Do ponto de vista da delimitação do conceito, Laplanche e Pontalis pontuam que “certos autores entendem por contratransferência tudo o que, da personalidade do analista, pode intervir no tratamento, e outros limitam a contratransferência aos processos inconscientes que a transferência do analisando provoca no analista”5. Nesse mesmo sentido, Roudinesco e Plon definem a contratransferência como o “conjunto das manifestações do inconsciente do analista relacionadas com as da transferência de seu paciente” (1998, p.334).

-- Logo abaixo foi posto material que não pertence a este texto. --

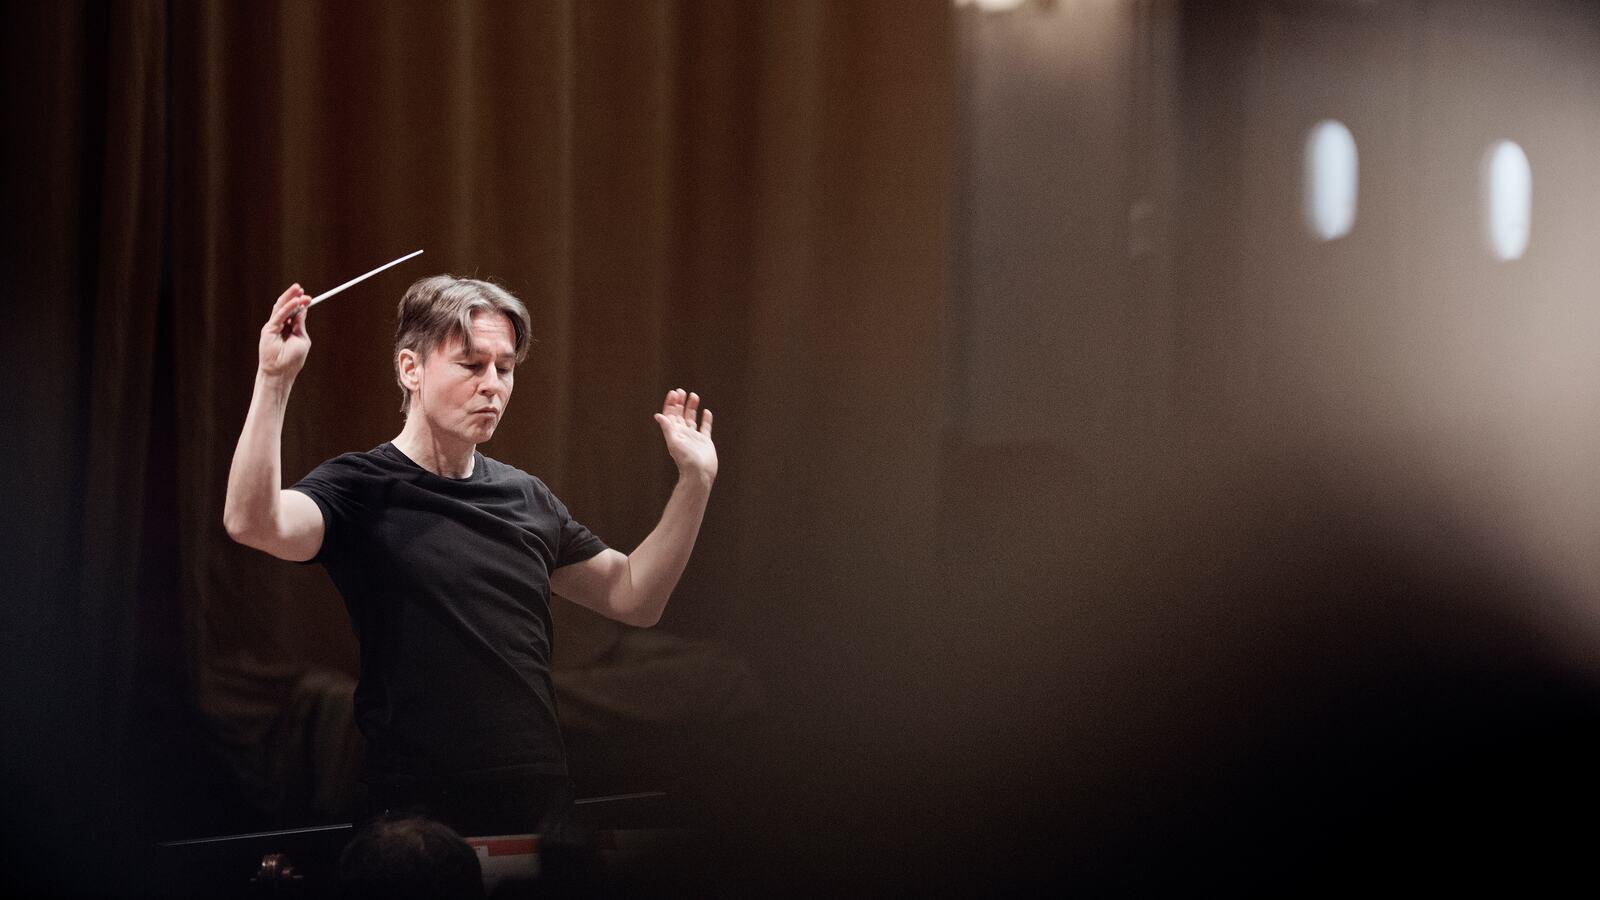 Esa-Pekka Salonen, conductor

Em seu Diário Clínico (1932), Ferenczi também se interessou pelos processos psíquicos que ocorrem no psicanalista ao longo das sessões, sobretudo pelas dificuldades e resistências, o que nomeou de “metapsicologia do analista”. Ele analisou o modo como era afetado por seus pacientes durante e após as sessões, criticou a hipocrisia por parte de analistas que se recusam a tratar dos afetos de amor e de ódio suscitados nas análises.

Conforme Kupermann, para Ferenczi, “a libido do psicanalista está efetivamente implicada no processo analítico, sem álibis” (2003, p.48). Ele afirma que, em Ferenczi,

“a contratransferência abrangeria tanto a expressão dos afetos oriundos dos próprios investimentos transferenciais do psicanalista, quanto as resistências e os pontos cegos nele suscitados pelo impacto dos afetos a ele endereçados; mas além disso, abrangeria também a expressão de afetos inéditos suscitados no encontro analítco”6.

Também nesse sentido, Veiderman fala sobre a mancha cega da contratransferência e o forte investimento narcísico da ‘situação analítica’ pelo psicanalista. Para ele

“Não existe contratransferência que não seja governada também por alguma mancha cega. É por causa da contratransferência que as coisas nos escapam; é graças à contratransferência que percebemos todas as outras. O forte investimento narcísico da situação pelo analista (e igualmente pelo analisado) torna possível a análise”7.

Ao mesmo tempo, é impossível controlar todos os pontos cegos da contratransferência, ou seja, sua face inconsciente.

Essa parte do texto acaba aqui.